* Given information *
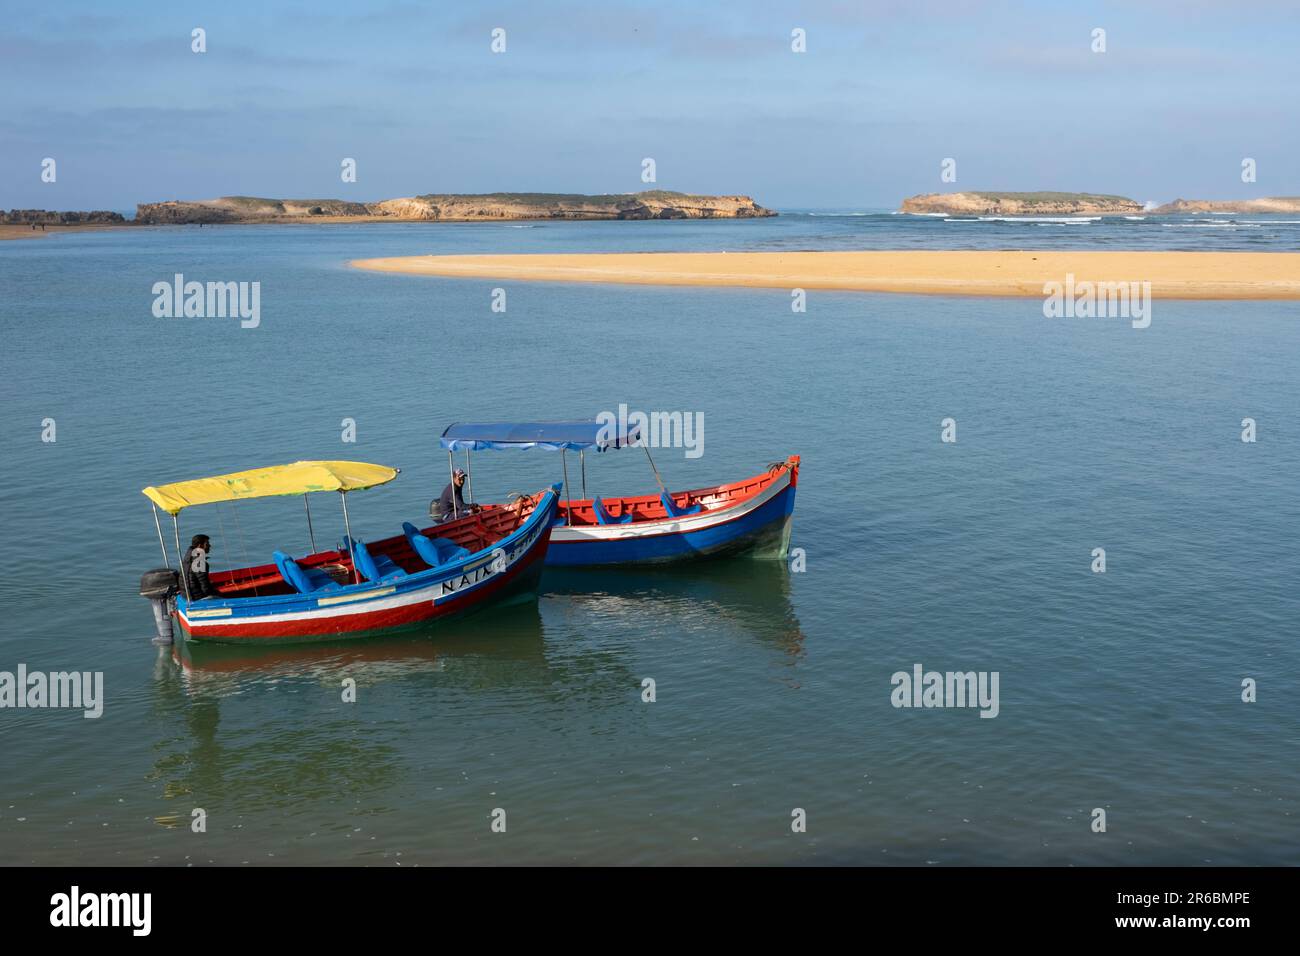 Colourful boats on the intertidal lagoon water at Oualidia in Morocco Stock Photo
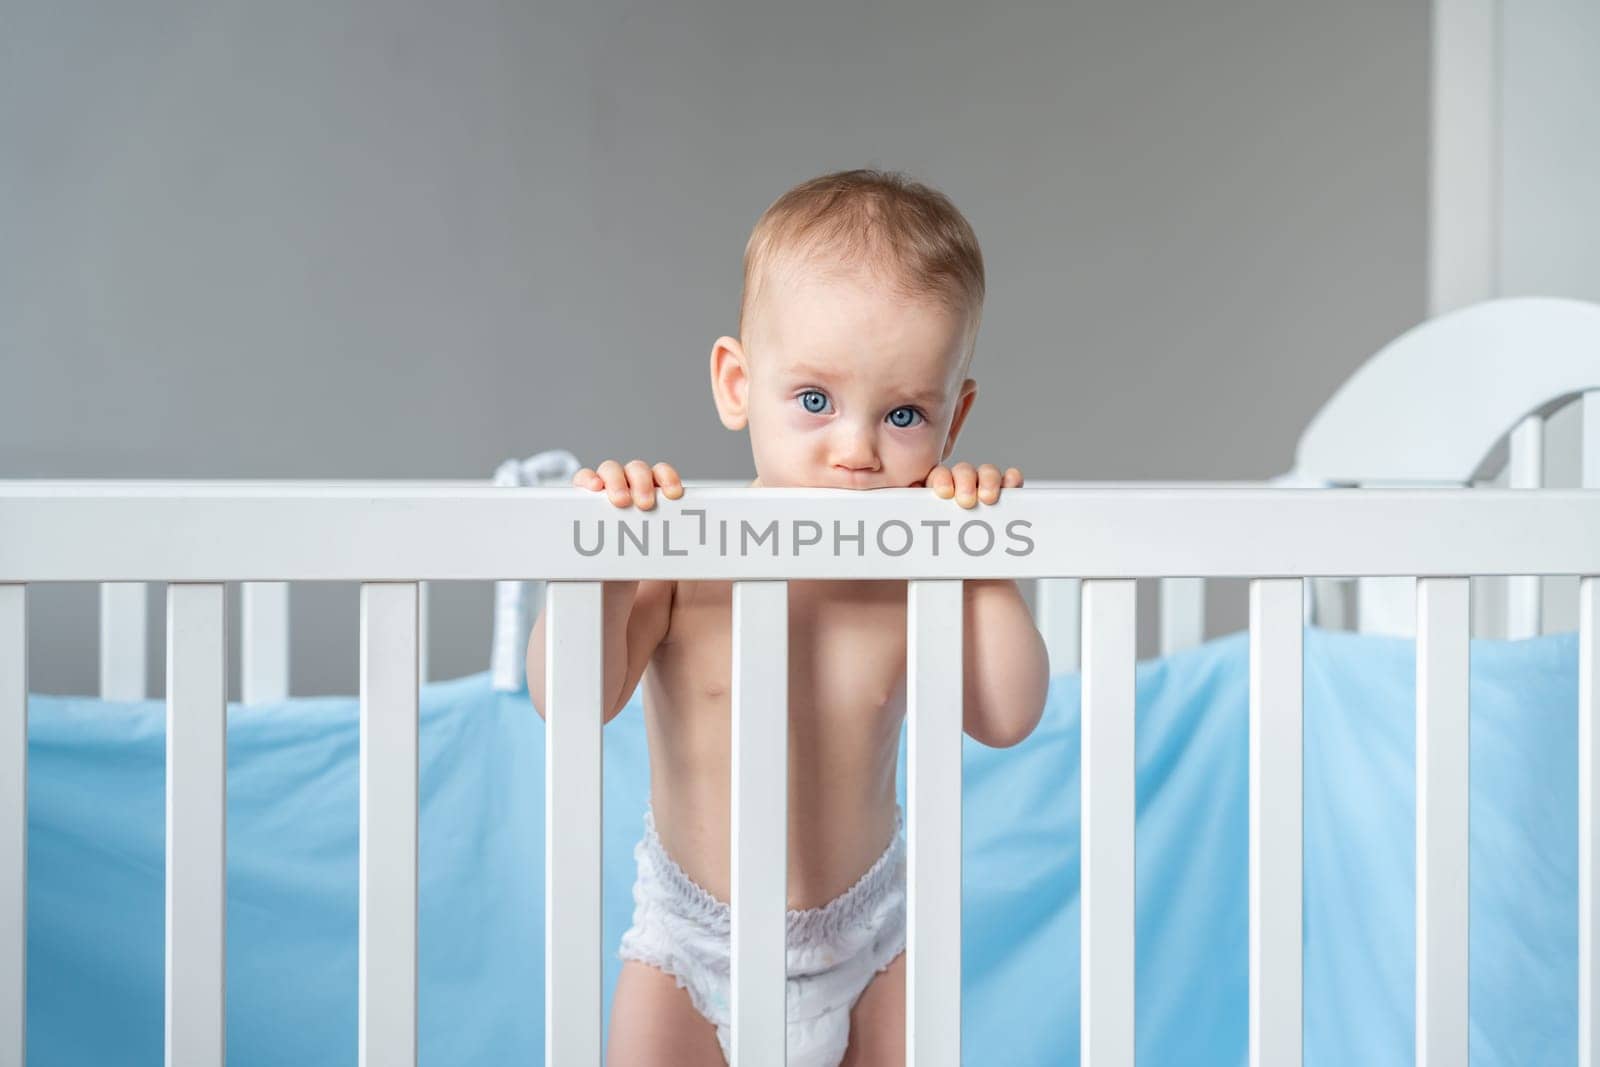 A baby in a diaper cutely bit the back of a wooden crib by sdf_qwe
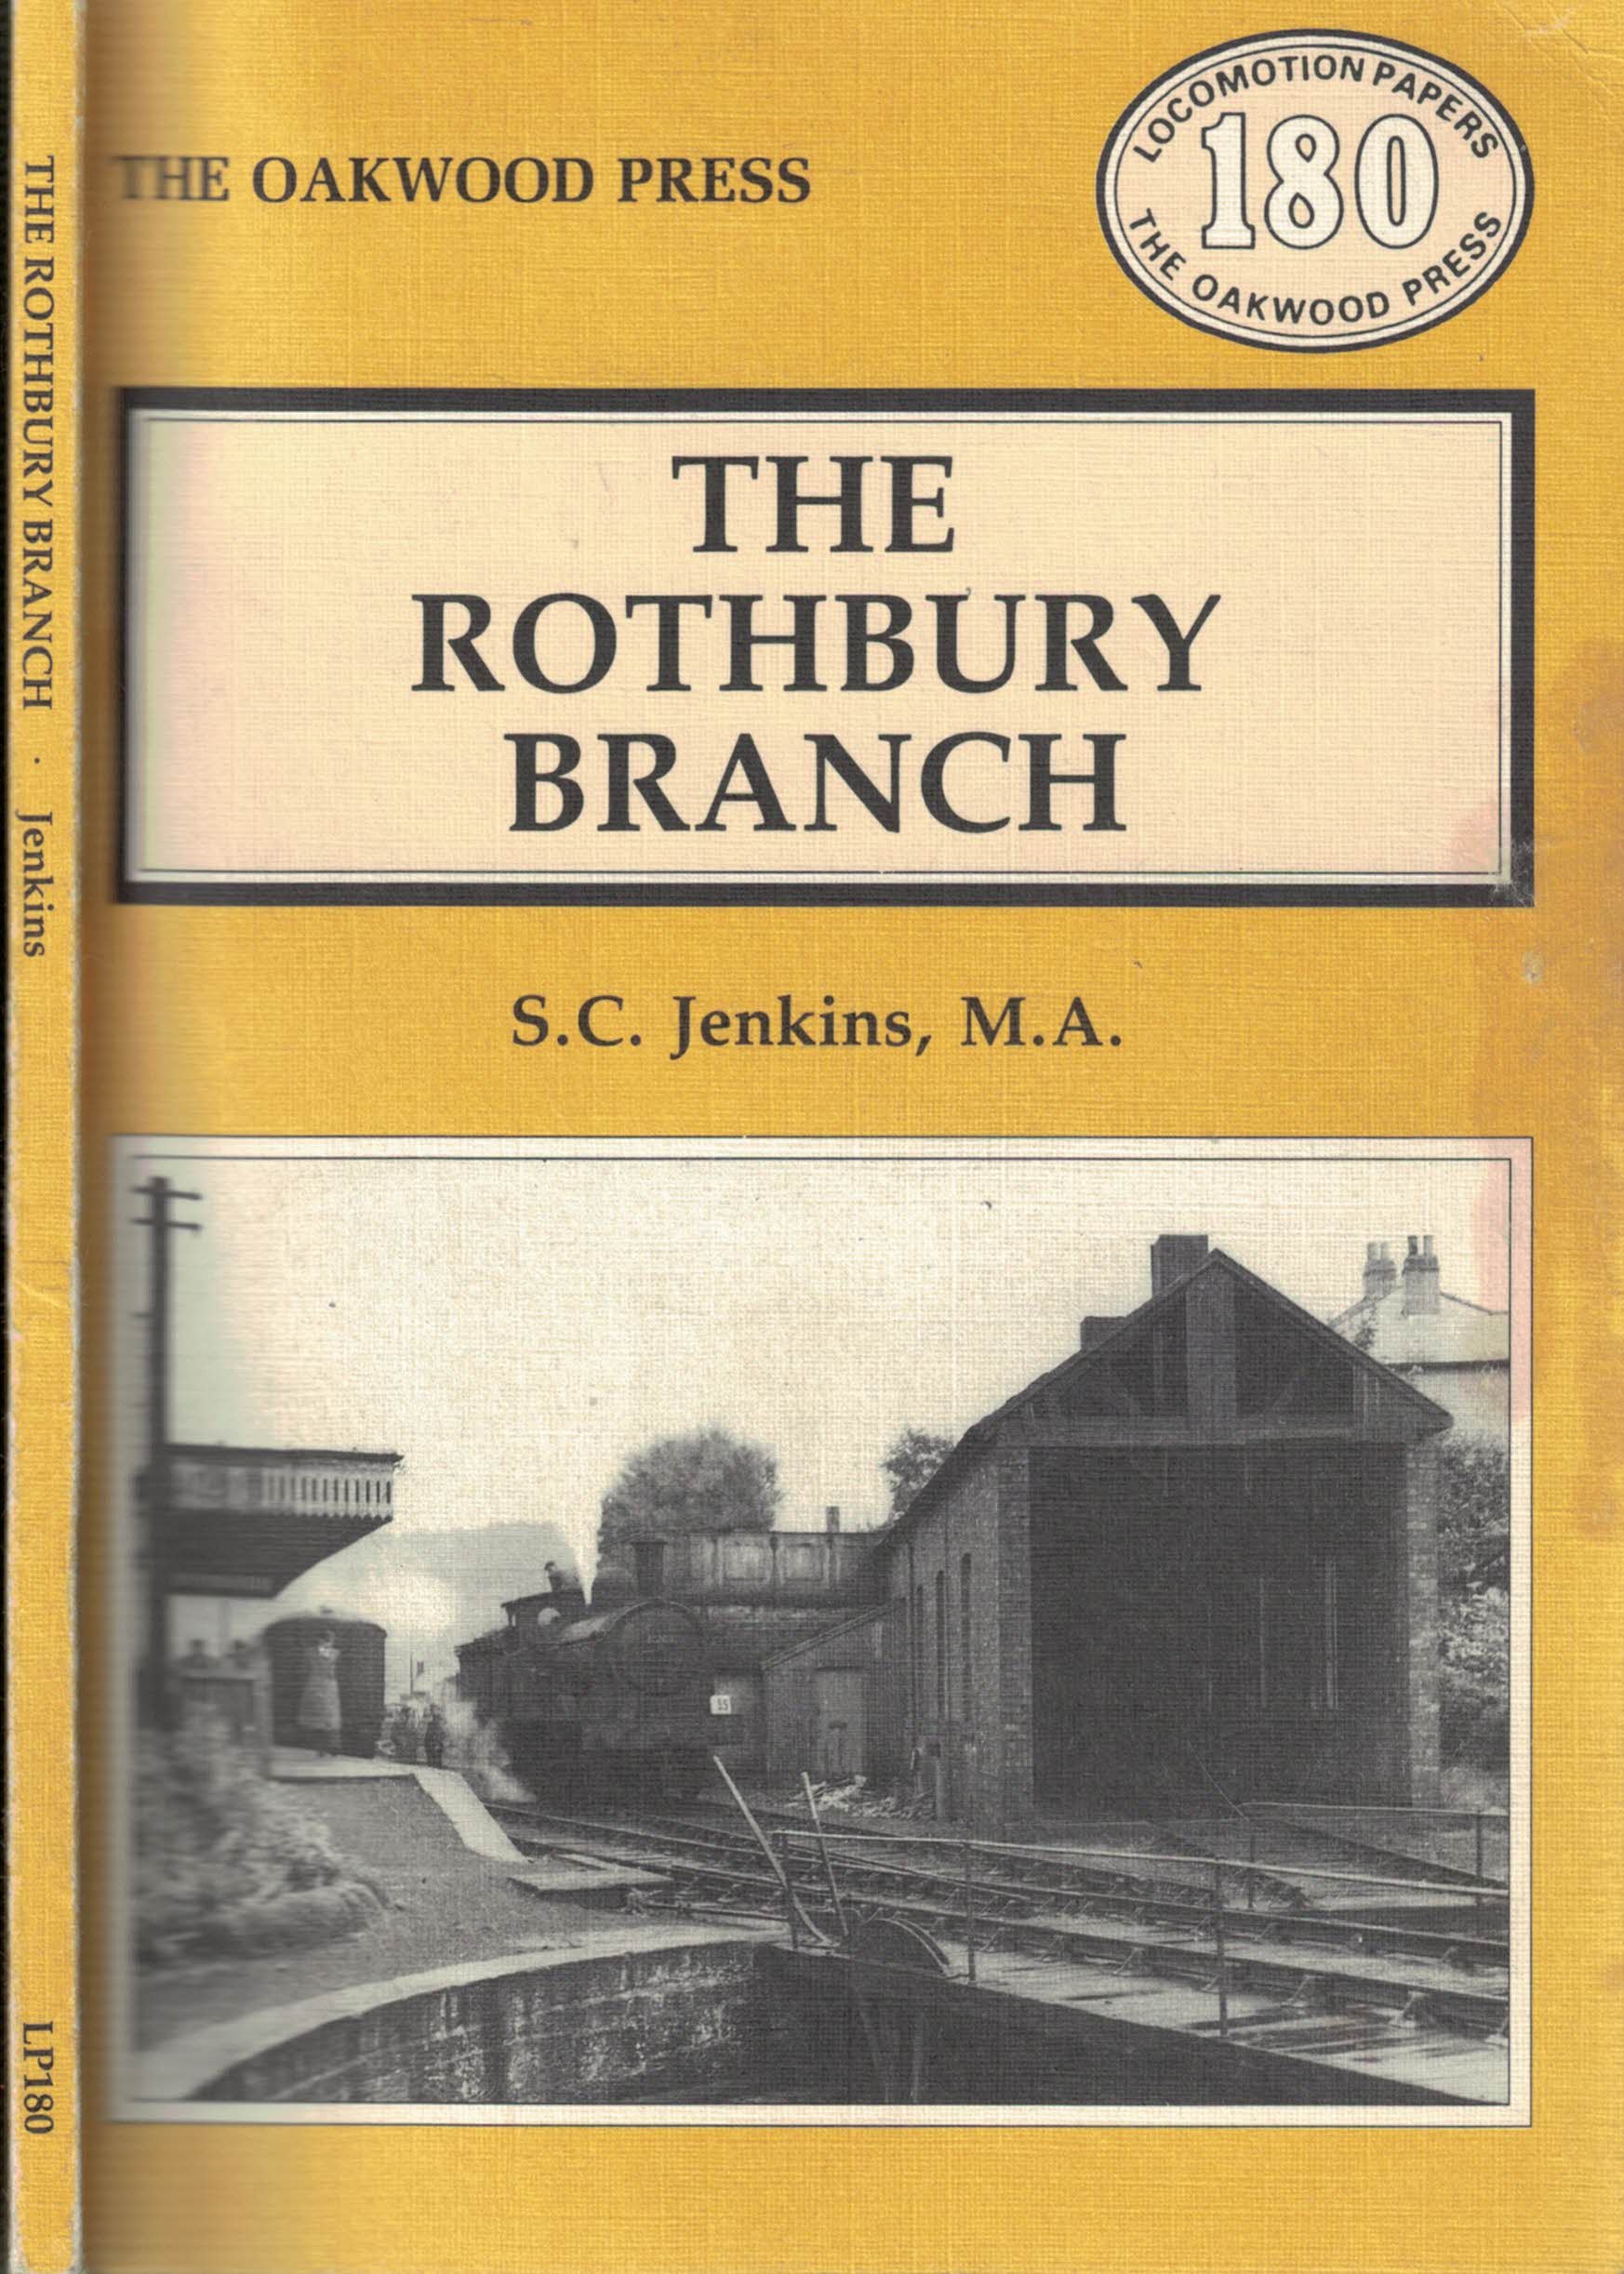 The Rothbury Branch. Oakwood Locomotion Papers No 180.

* Aim of the task *
The expected output is the full data above, reproduced exactly with no images.

* Task answer *
 Colourful boats on the intertidal lagoon water at Oualidia in Morocco Stock Photo
 A baby in a diaper cutely bit the back of a wooden crib by sdf_qwe
 The Rothbury Branch. Oakwood Locomotion Papers No 180.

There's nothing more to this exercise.